Here is the answer that I've found: I do not know who I am, what I like, how I write. I'm composed of everything around me and not just in the casual inspiration sort of way. Sometimes, when I'm shopping, I've tried to adopt other people's personalities into my own that I don't even know what I like. I'll cut my hair because some famous Instagram girl has, and then I'll spend months growing it out because another account has done so. Everything is so jumbled up in this brain.

I have a favourite kpop group called BTS and they launched a UNICEF campaign about Loving Yourself, released an album about self love and I, a person who has never been content with any aspect of myself, felt like I could benefit from that sort of concept. But then it occured to me in the deepest of guilt waves over this last week: I cannot love myself because I don't know who I am. Even in the smallest writing senses of adopting the writing style of whatever book I last read, I alter my style. Somehow, it never feels like growth. It feels like I'm lost in wanting to be everyone around me because I don't enjoy any remnants of myself that's left.

I had a Thing with my friend this last week, involving how a lot of myself has come from her. A little beyond inspiration. It's became a heavy, unhealthy dependence that I could never open up about. It only came to light when what I was doing got to her so much that she had to make me aware that she knew. This last week I've been trying to work out how to deal with the guilt of copying another person's look, often trying to mirror it, and how that affects them. I haven't worked that out yet, but each time I glance at my reflection now, I keep wondering how the hell I am because I don't know. I've lost myself so wholly that I don't even know my favourite colour is anymore. I wear pink because others that I admire wear pink when I don't even like the colour all that much. I wear hooped earrings now because it fits an aesthetic I want but don't own when, for years, I laughed at people for having hoops hanging out their earlobes.

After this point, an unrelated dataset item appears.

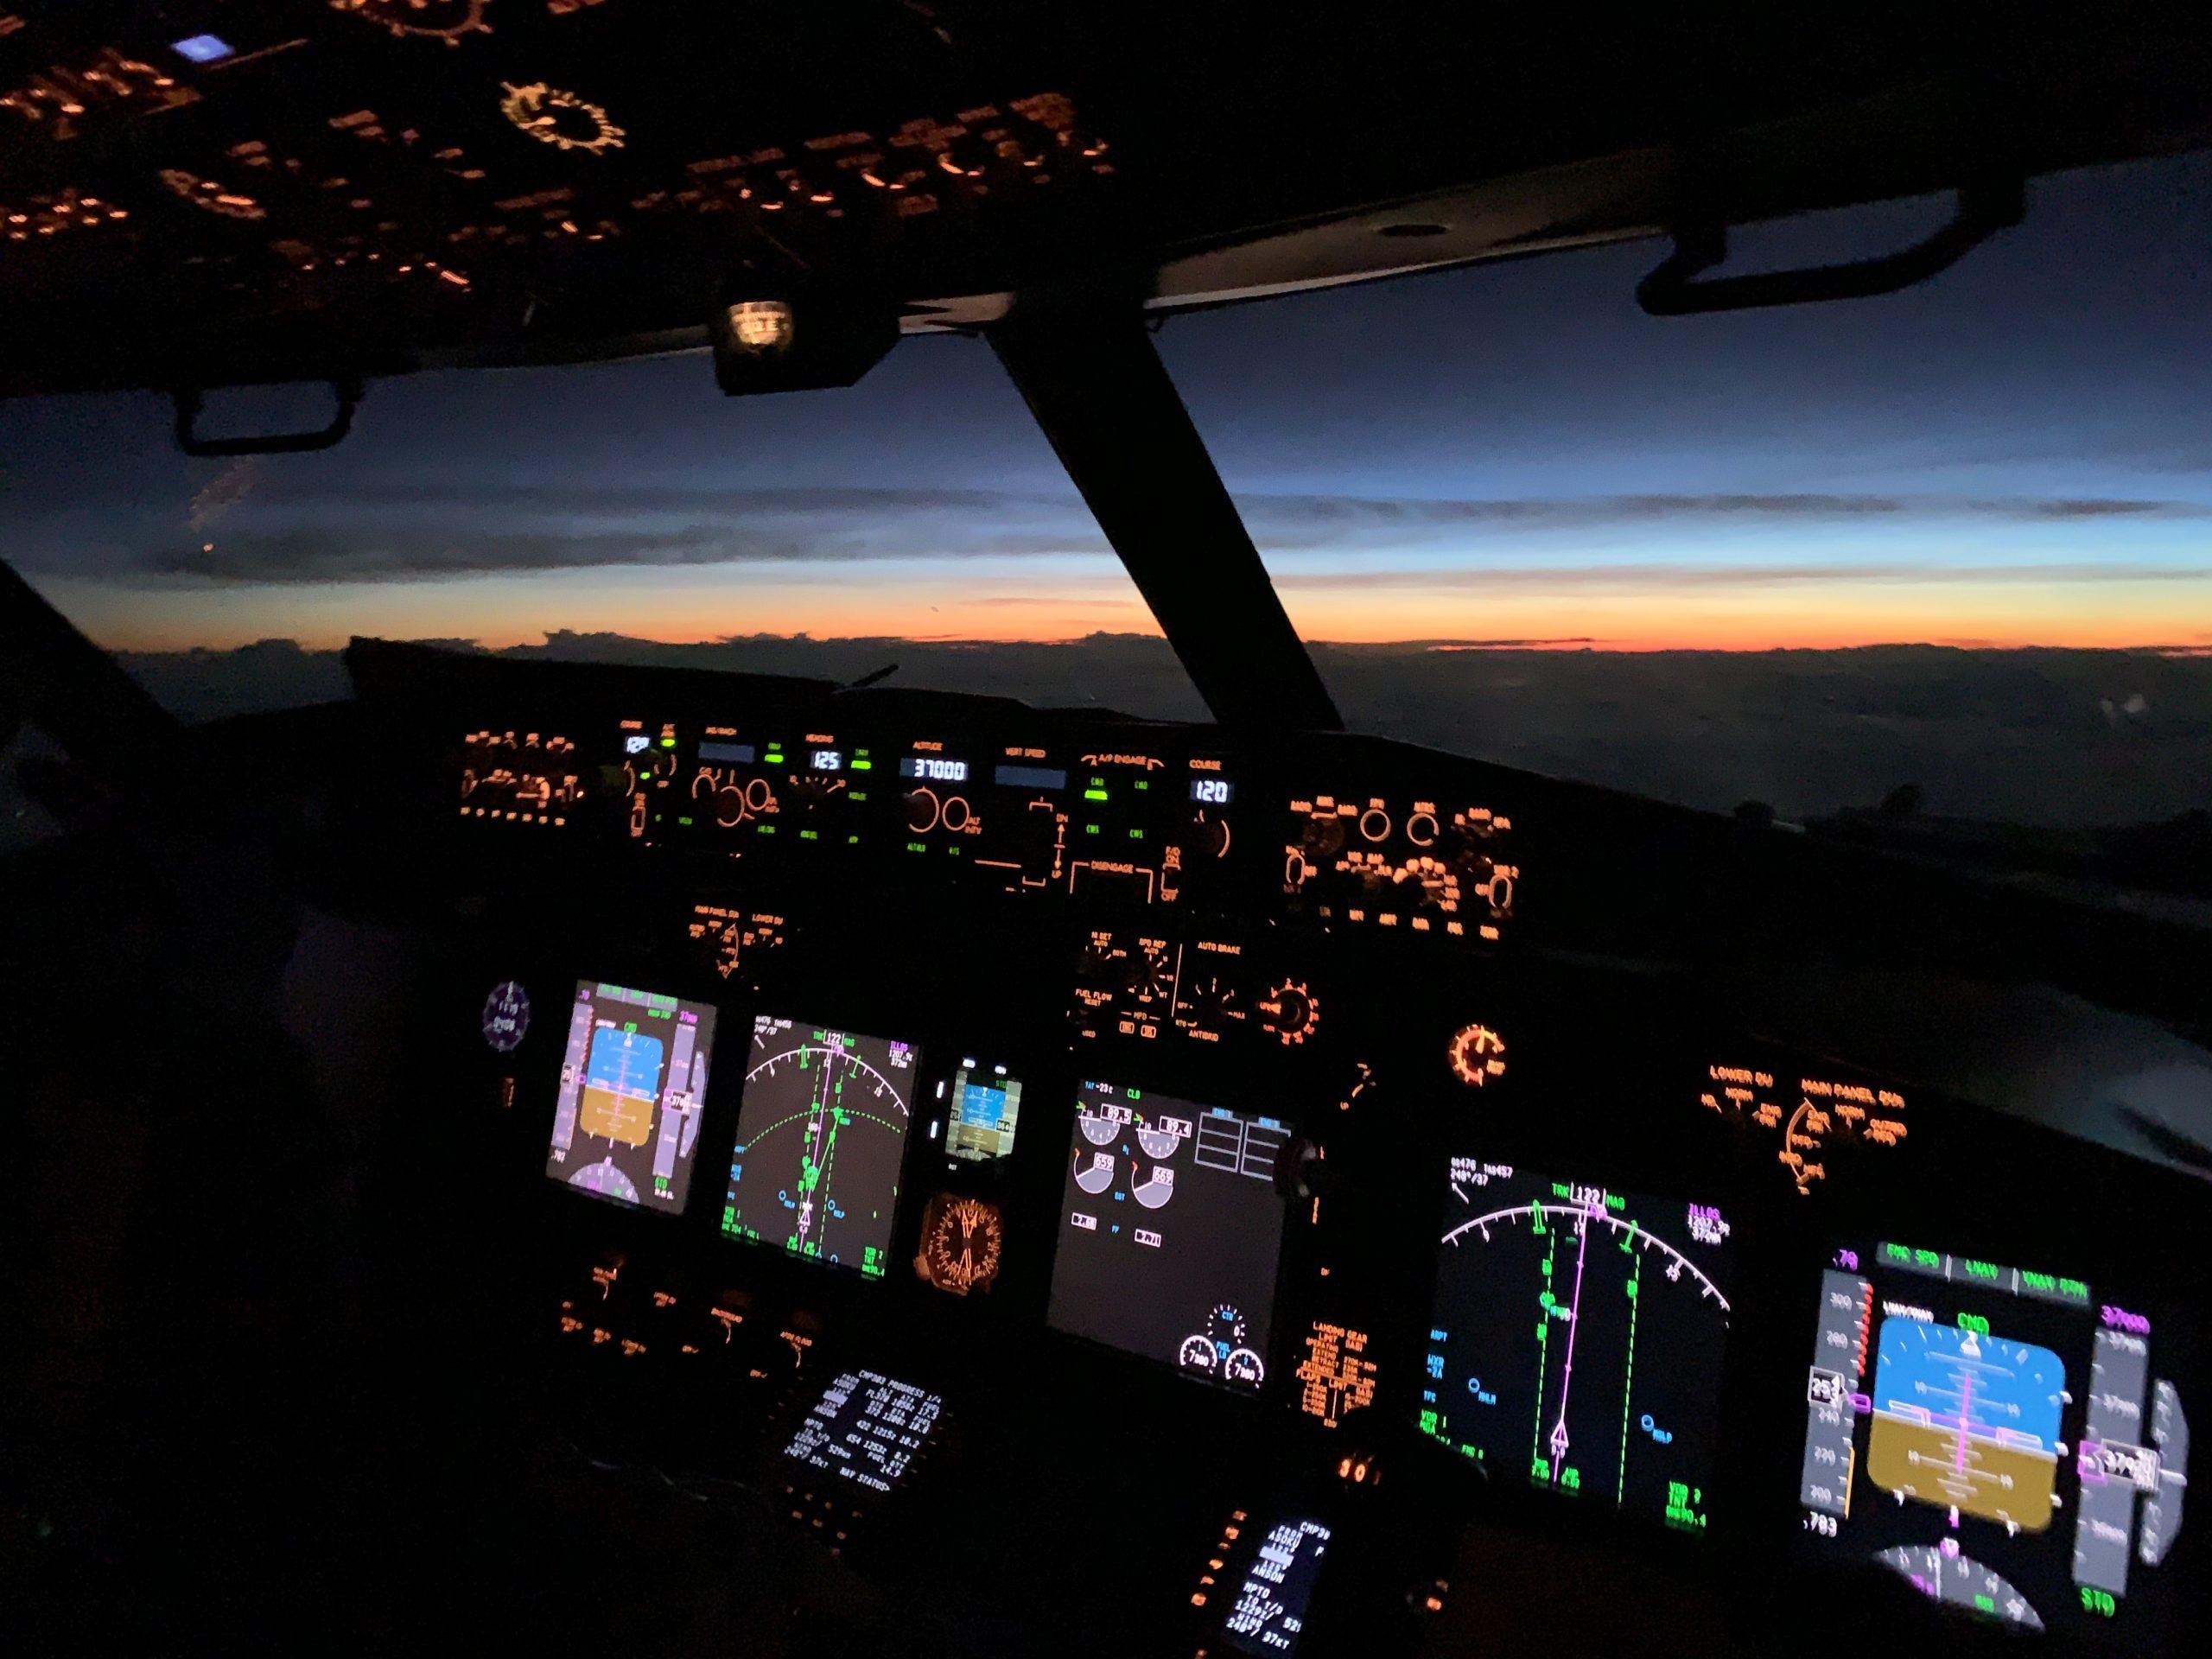 pilot control station

About a year ago, I threw out a lot of old clothes, reminders of how I failed to know how to compose my appearance. During that time, I got a lot of comments about things I couldn't necessarily change, or wasn't ready to. I took those comments on-board to an unhealthy degree and began to think, "If I look like the people making these comments, how can I go wrong?" I took large snippets of my friends' looks--even people I don't know on Instagram, I will obsessively search to find the same aesthetic that they own and I just look silly copying--buried everything I was, and tried to rebirth myself, as such.

In a sense, it worked. I got more compliments from people who didn't know what I was doing, the fraud I felt like. I tried to make every look I did my own, tried to pass it off as my original when it wasn't. It was always a copy, and again, not in a harmless inspired way. I was going to unhealthy extremes to copy off someone's outfit, their makeup design, generally making every time I looked at something toxic.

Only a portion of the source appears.